| Problem description |
Give every line of the data again, unchanged, but with no pictures.

| Source data |
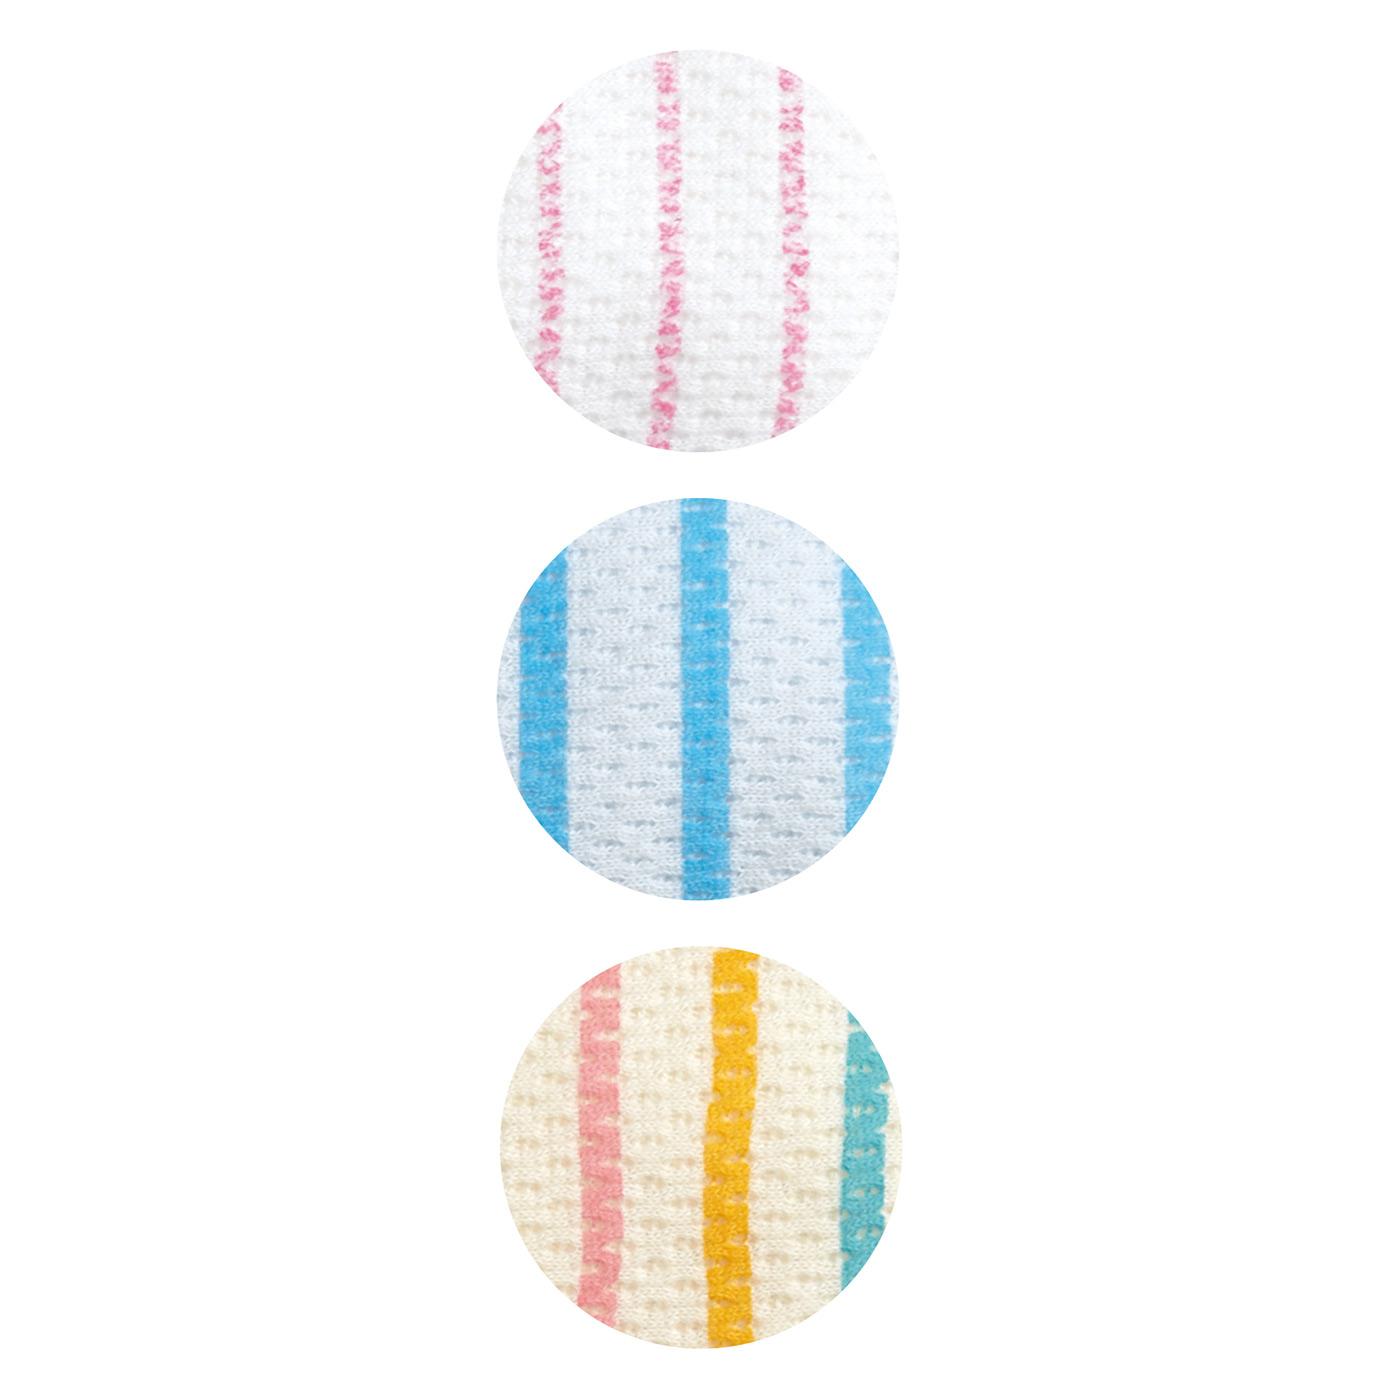 〈ピンクボーダー〉〈ブルーボーダー〉〈レインボーボーダー〉の3色展開。
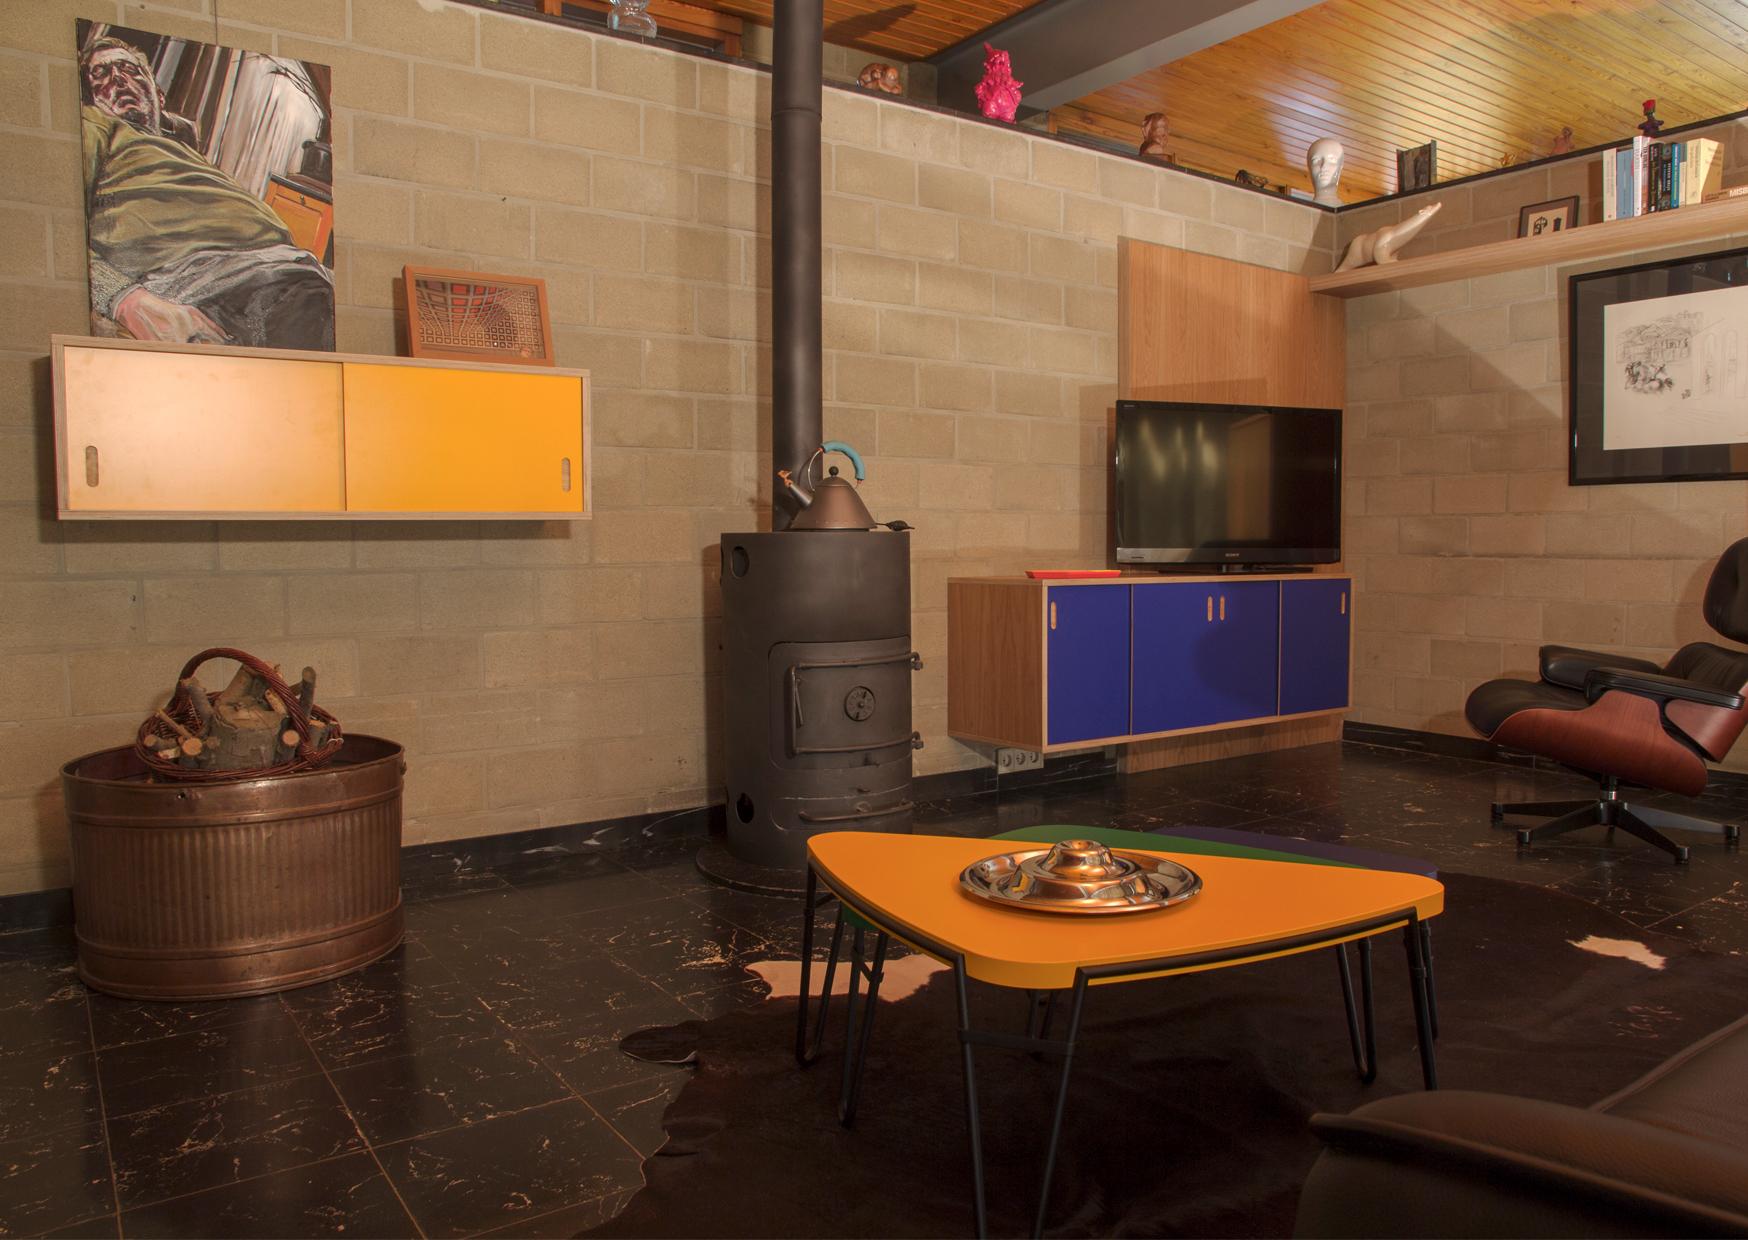 interieur_meubel_living.jpg
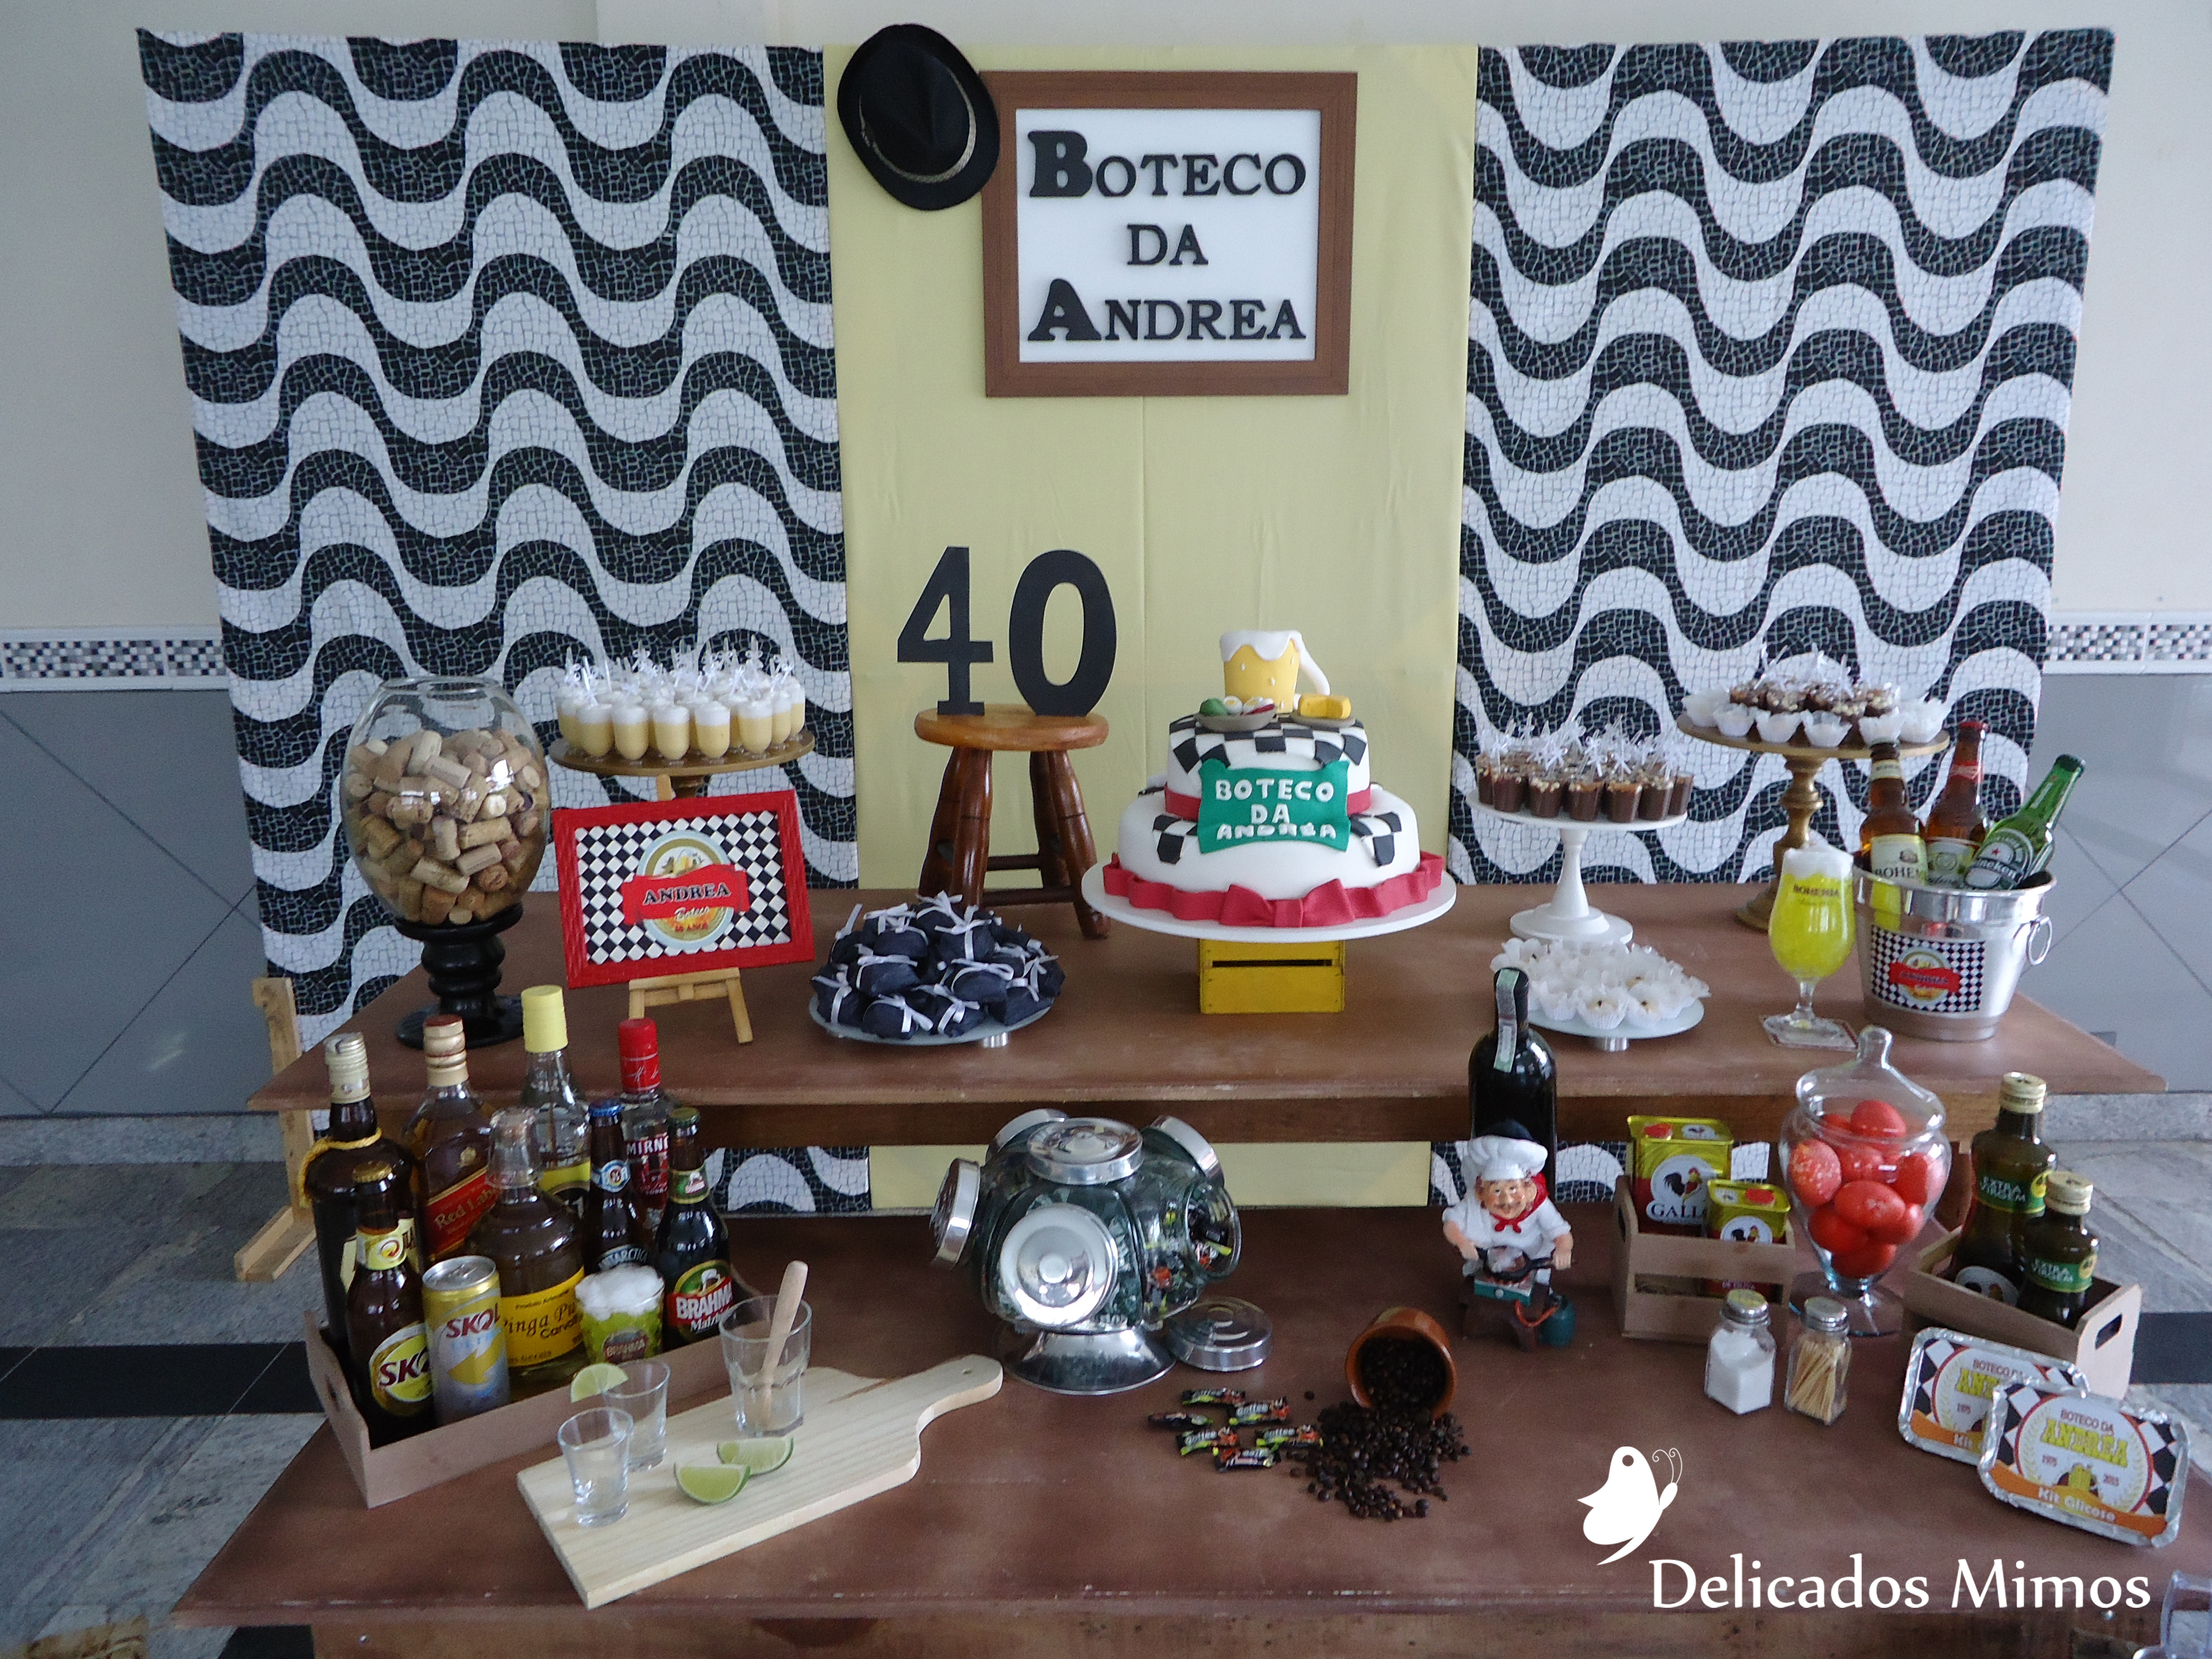 Decoraç u00e3o Tema Boteco II Delicados Mimos RJ Elo7

| Completed task |
 〈ピンクボーダー〉〈ブルーボーダー〉〈レインボーボーダー〉の3色展開。
 interieur_meubel_living.jpg
 Decoraç u00e3o Tema Boteco II Delicados Mimos RJ Elo7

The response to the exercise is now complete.